本の大部分は、このように、いかに戦前の日本人の道徳心が低かったか、いかに凶悪犯罪が多発していたかということを明らかにするため、また、「戦前の日本の道徳心は優れていた」という見方は幻想にすぎないという筆者の主張を裏付けるための、戦前の本や新聞記事などの豊富な出典からの引用による具体例で占められている。(巻末には参考文献一覧が掲載されている)しかし、どれも同じような話ばかりで、それぞれの具体的なエピソードに強い関心がある人以外は、全編じっくり読む必要はないと思う。

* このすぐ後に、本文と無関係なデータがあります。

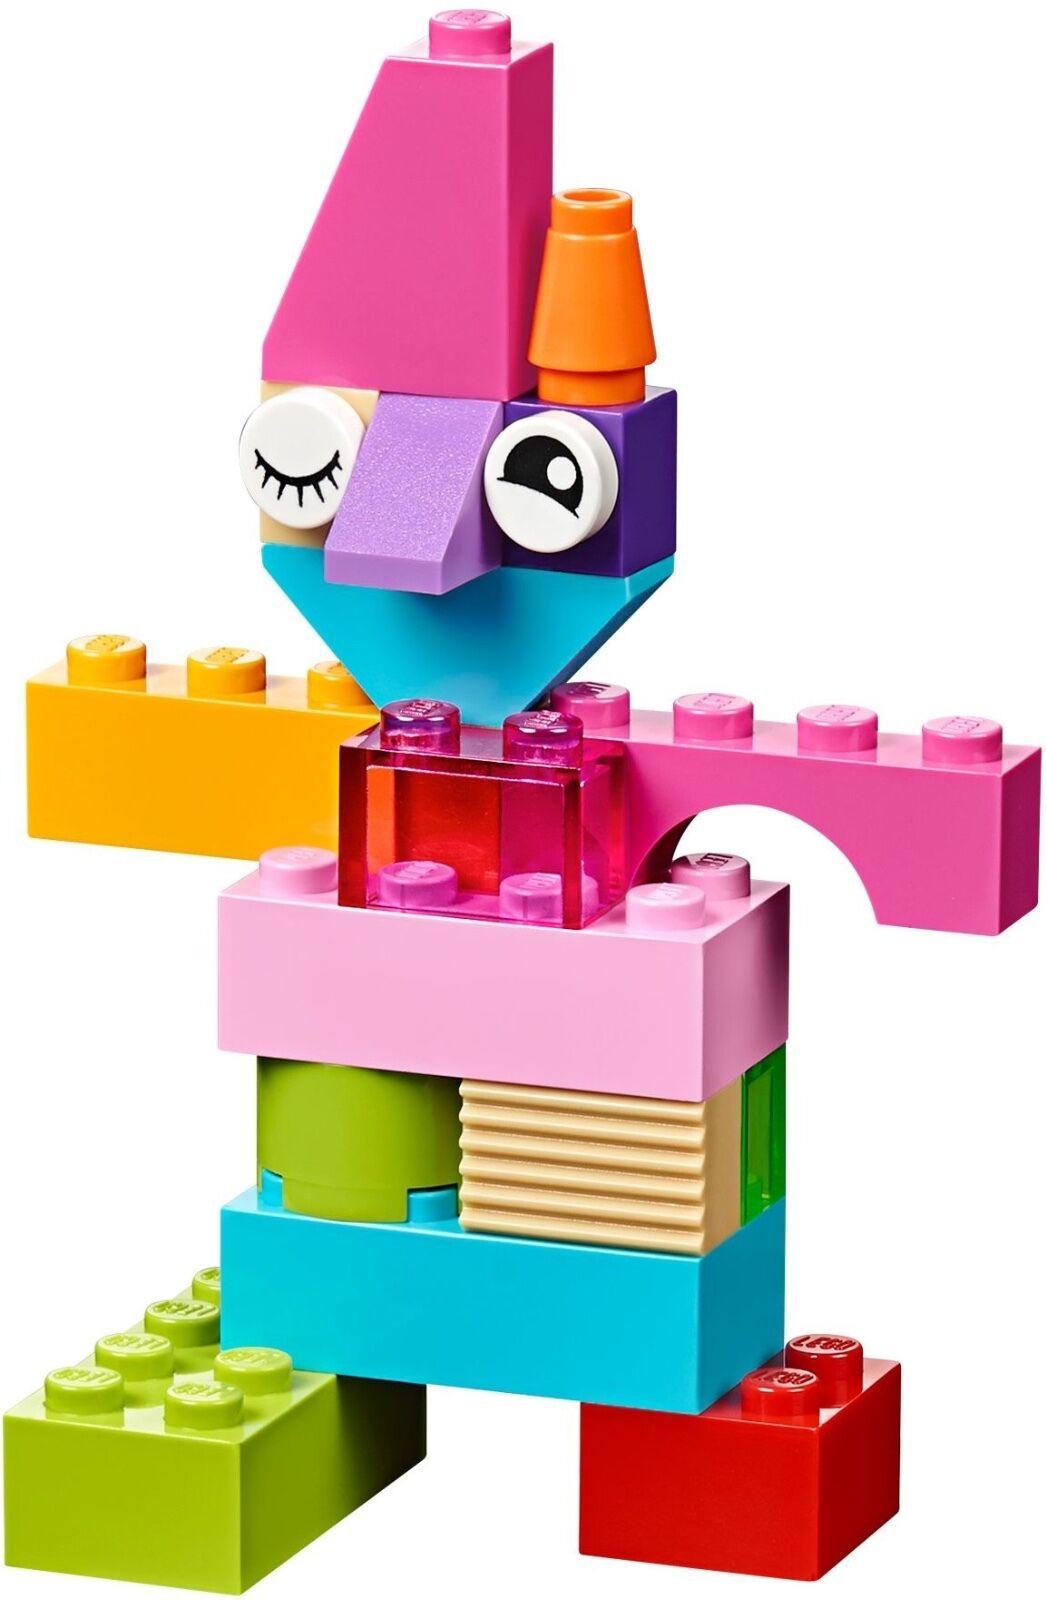 LEGO® Classic 10694 Baustein-Ergänzungsset Pastelltöne NEU OVP NEW MISB NRFB NRFB NRFB df6518

各エピソードを読んでいると、日本人の道徳心やマナーの低さに同じ日本人として恥ずかしくなってくるほどであるが、大倉氏の目的は、日本人を貶めることでは決してない。そうではなく、大倉氏は、負の面を直視することを欠いた、一面的で恣意的な歴史観は、社会を誤った方向へ導く危険性を秘めており、現在わが国でそのような強い傾向が見られることに対して警鐘を鳴らしているのである。逆にいえば、冷静な視点で歴史を見つめることこそが、われわれの社会のはらんでいる問題を正確にとらえ、より良き社会への道を開くことにつながるのである。このことはあとがきを読めばわかる。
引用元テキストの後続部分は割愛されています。